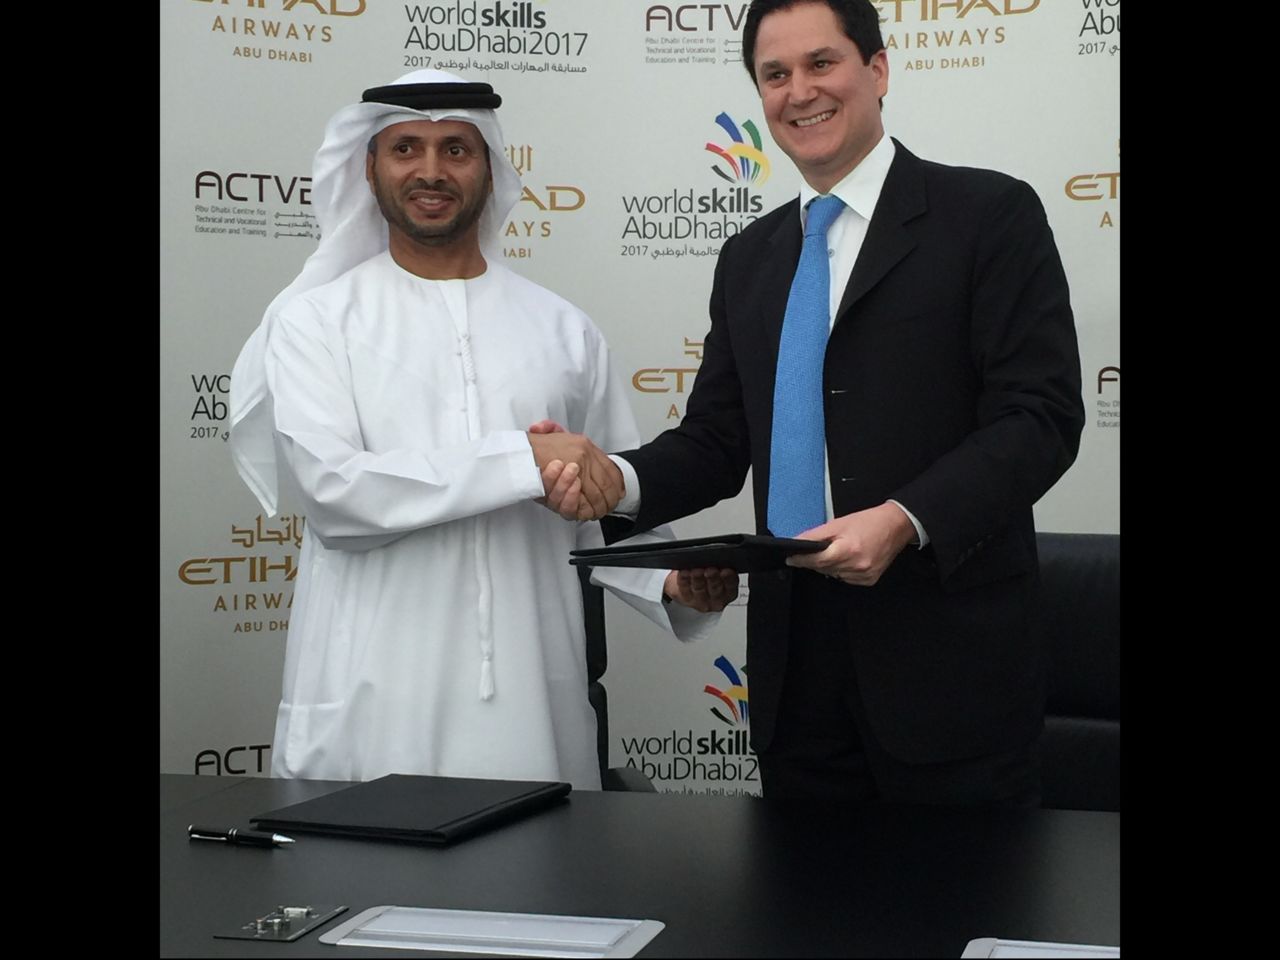 Etihad Airways becomes the official airline sponsor of WorldSkills Abu Dhabi 2017
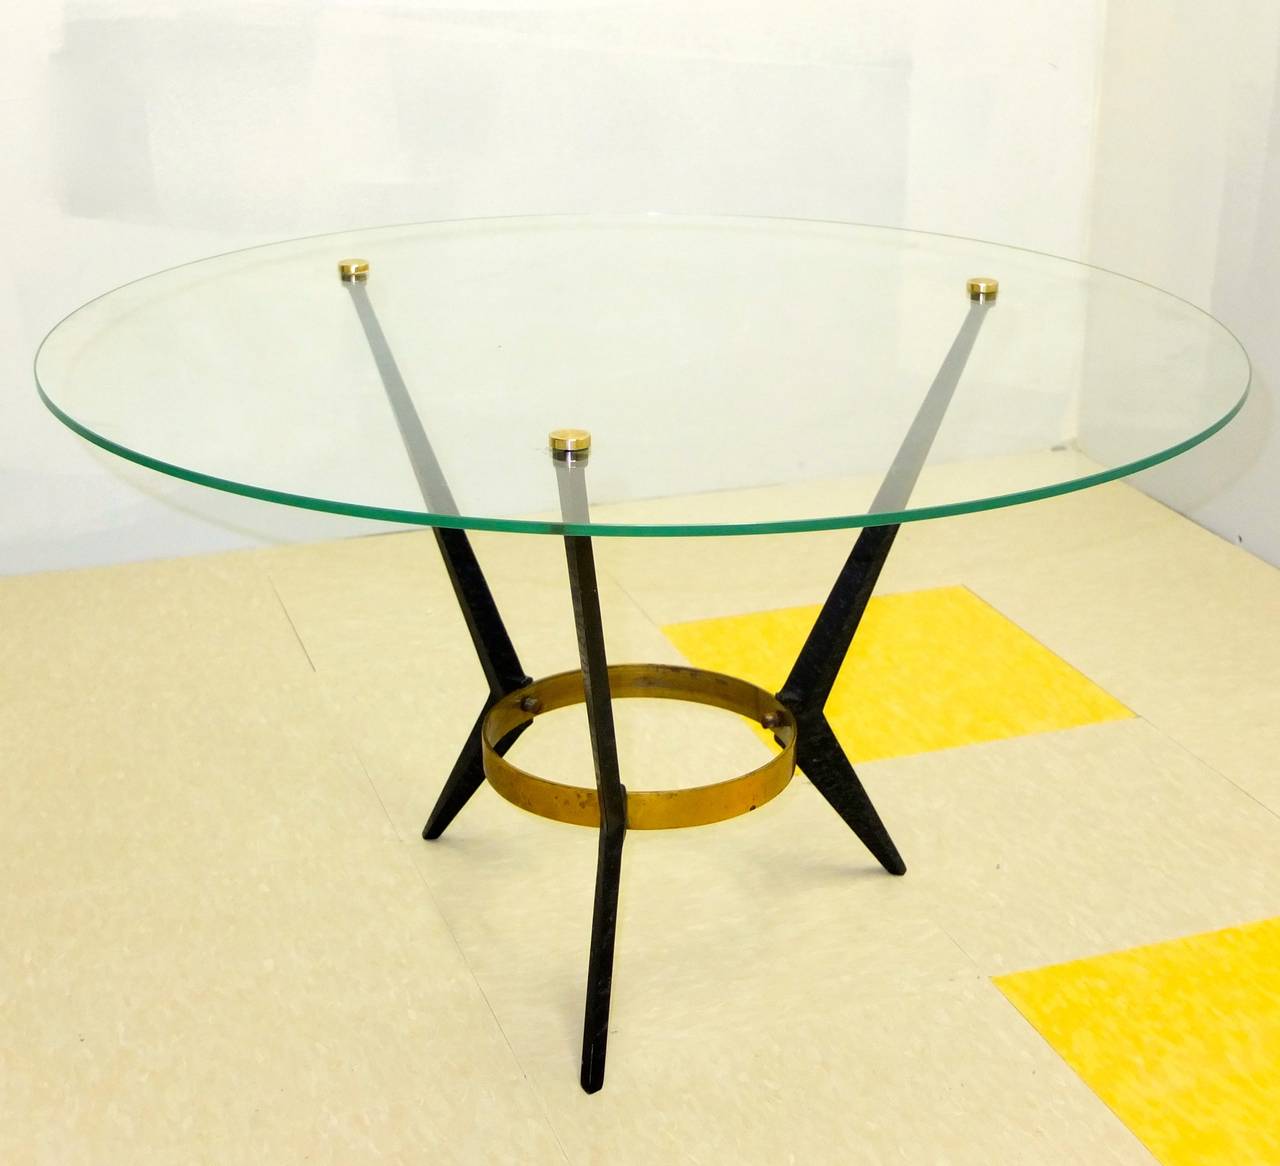 Early 1960s three leg cocktail table with round glass top by Angelo Ostuni, each leg made from cast aluminum finished in matte black in geometric angular tapered form around a round brass flat bar band. The round glass top is held in place by three
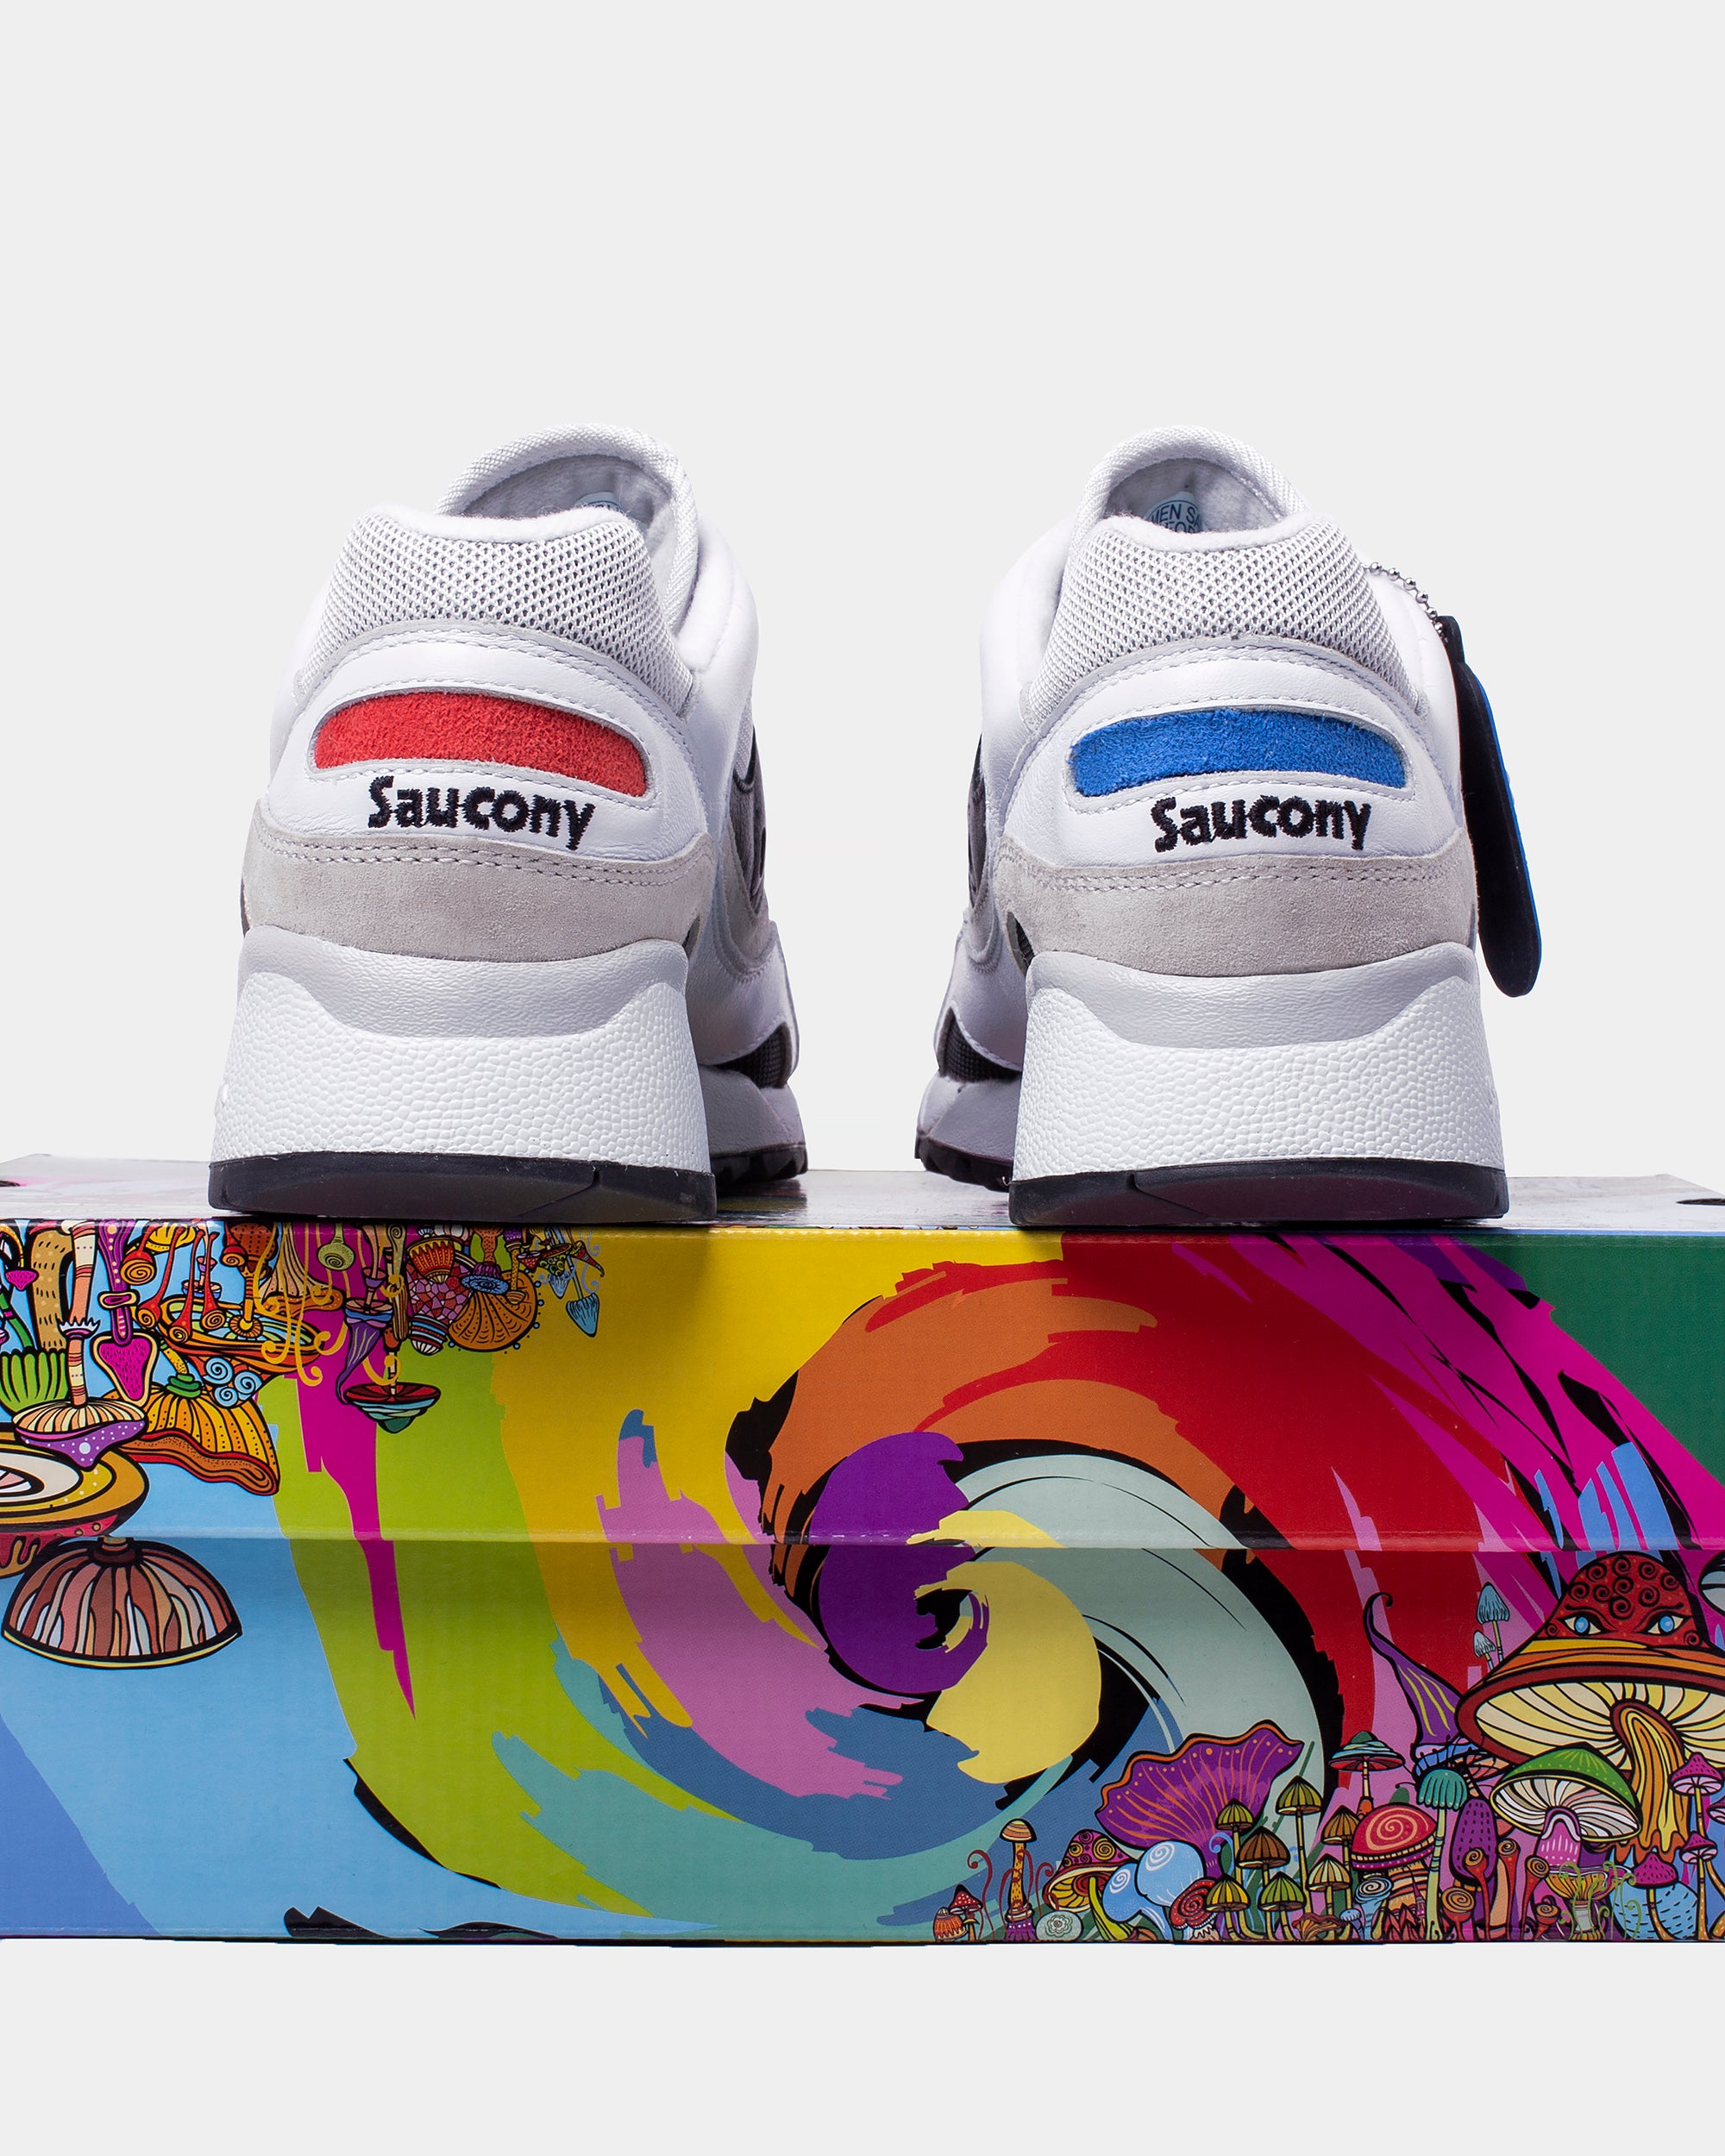 Extra Butter x Saucony Originals 'White Rabbit' Shadow 6000 article image

+ + + +

§ **What the task requires**
Go through the material above and print all of it exactly, except the pictures.

§ **Response to this exercise**
 Etihad Airways becomes the official airline sponsor of WorldSkills Abu Dhabi 2017
 Early 1960s three leg cocktail table with round glass top by Angelo Ostuni, each leg made from cast aluminum finished in matte black in geometric angular tapered form around a round brass flat bar band. The round glass top is held in place by three
 Extra Butter x Saucony Originals 'White Rabbit' Shadow 6000 article image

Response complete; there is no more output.